A quick inspection will confirm that $ \begin{bmatrix} 0 & 1 & -1 \end{bmatrix} $ for $ \vec K $ gives the two bin formula from my previous blog article[1]. Switching it around to $ \begin{bmatrix} -1 & 1 & 0 \end{bmatrix} $ gives the corresponding two bin formula for the $ k-1 $ and $ k $ bins. The choice of $ \begin{bmatrix} -1 & 0 & 1 \end{bmatrix} $ is clearly not going to be as good since it ignores the peak bin which has the most signal information. Any two of these three vectors can be chosen as a basis set to span the entire set of possible $ \vec K $s.

The Von Hann $ \vec K $

Another obvious candidate is the Von Hann kernel of $ \begin{bmatrix} -.25 & .5 & -.25 \end{bmatrix} $. Since length doesn't matter it can be conveniently rescaled to $ \begin{bmatrix} -1 & 2 & -1 \end{bmatrix} $. Perhaps it should be called Pascal's instead since this is an alternating row of Pascal's Triangle. The vector is, of course, simply the sum of both of the two bin versions $ \begin{bmatrix} -1 & 1 & 0 \end{bmatrix} + \begin{bmatrix} 0 & 1 & -1 \end{bmatrix} $ which is how Pascal's Triangle is constructed.

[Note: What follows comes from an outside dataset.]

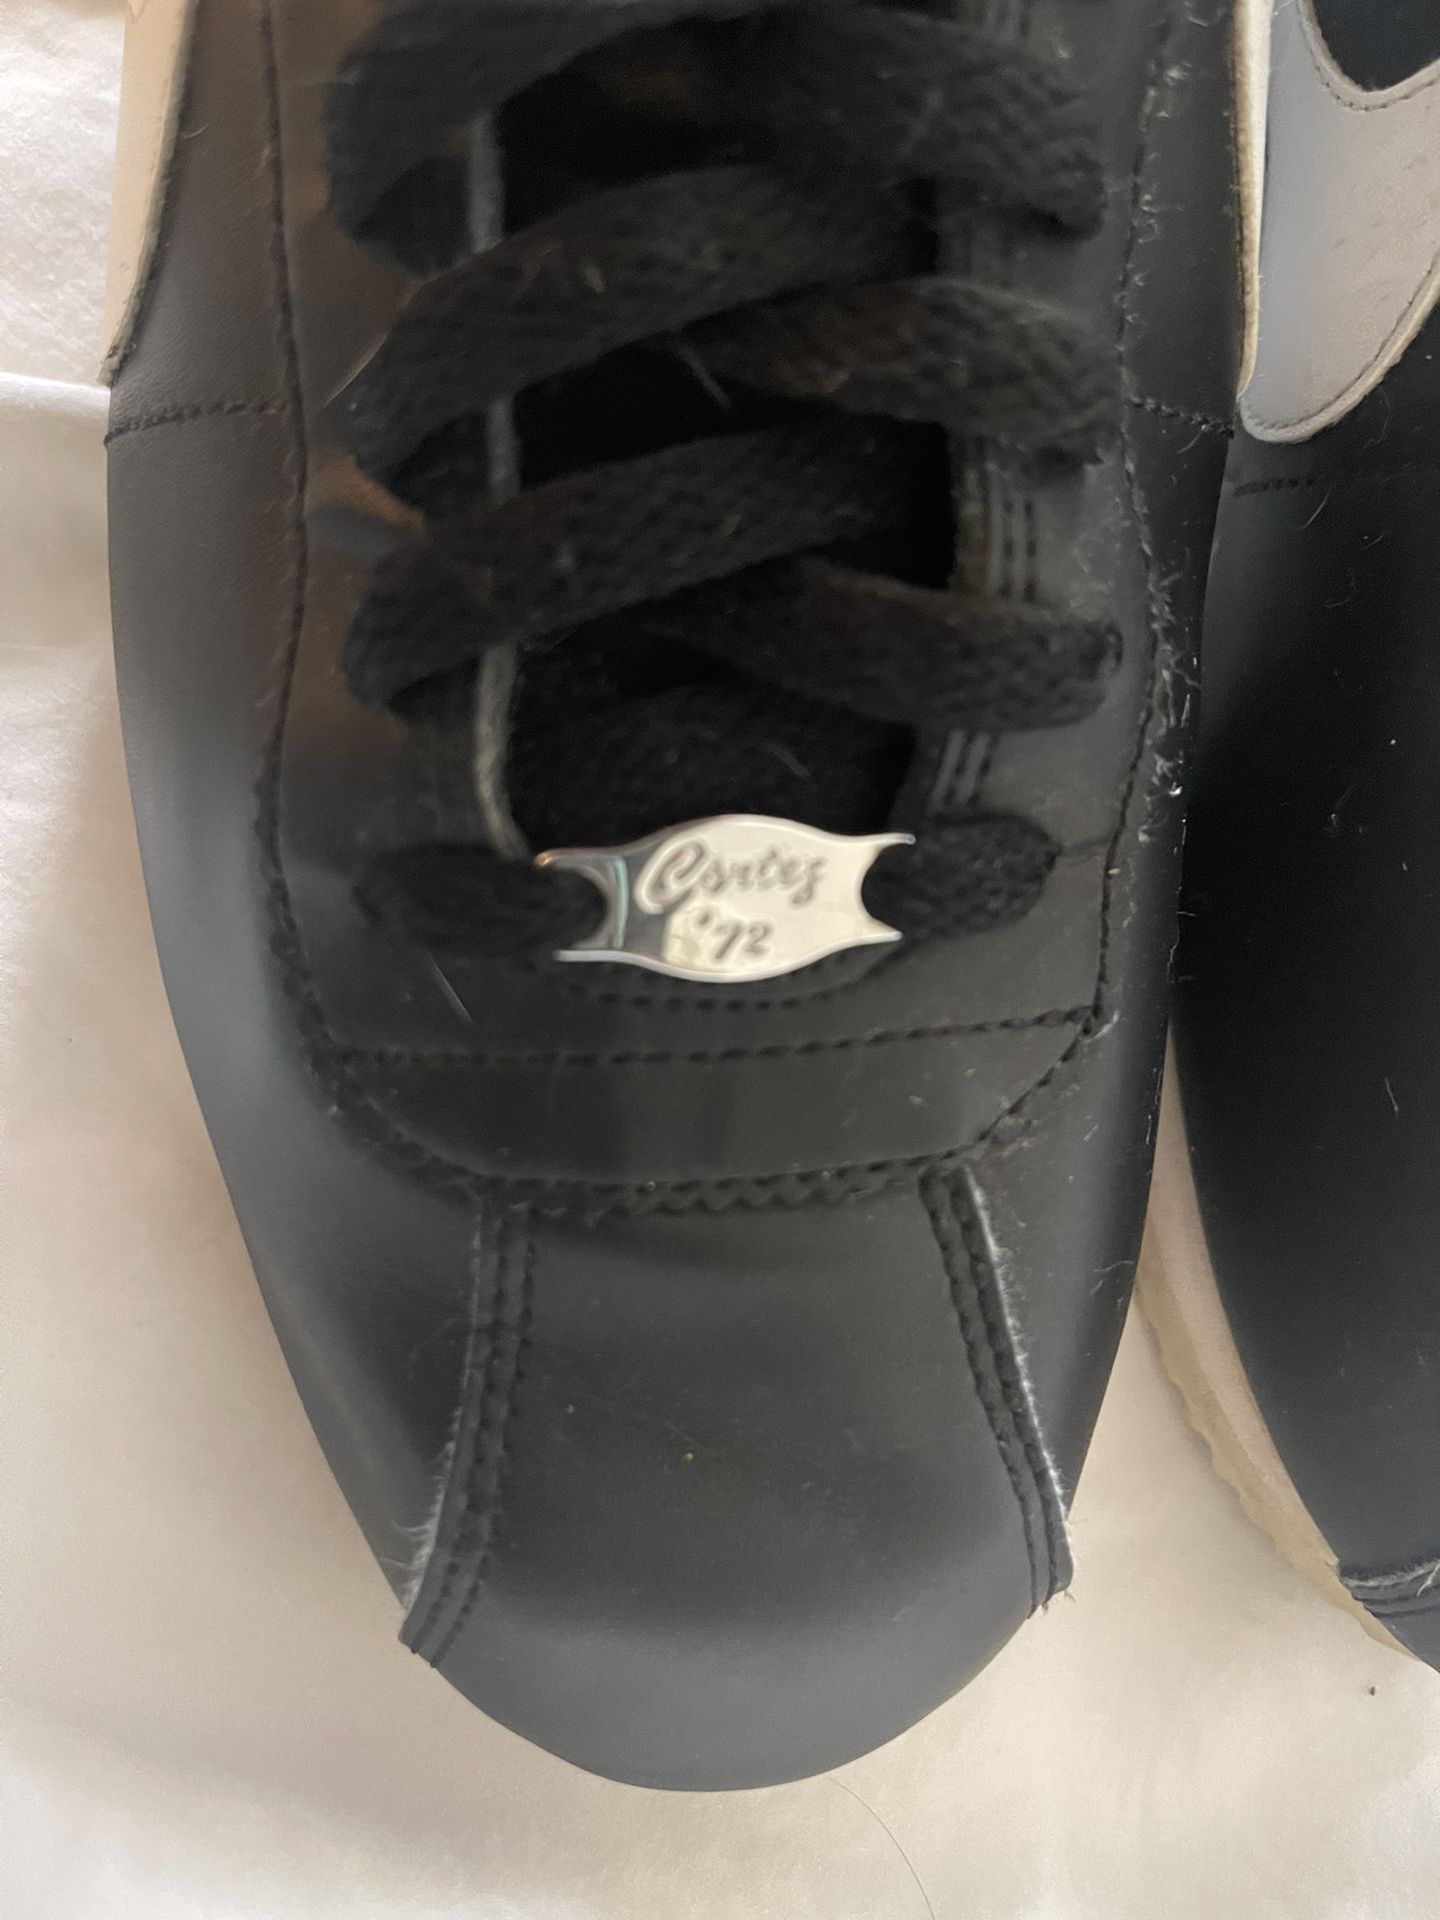 Custom Louis Vuitton Nike Cortez 9.5 1 of 1 sneakers for Sale in Riverview,  FL - OfferUp

The nice thing about the Von Hann vector is that not only does it take out constant trends $ \begin{bmatrix} 1 & 1 & 1 \end{bmatrix} $, which is the criteria for being a valid $ \vec K $, but it also zeroes out linear trends $ \begin{bmatrix} m-d & m & m + d \end{bmatrix} $. This means it should be effective in taking out the effect of nearby tones as well as reducing random noise by subtracting out the best fit line to the noise.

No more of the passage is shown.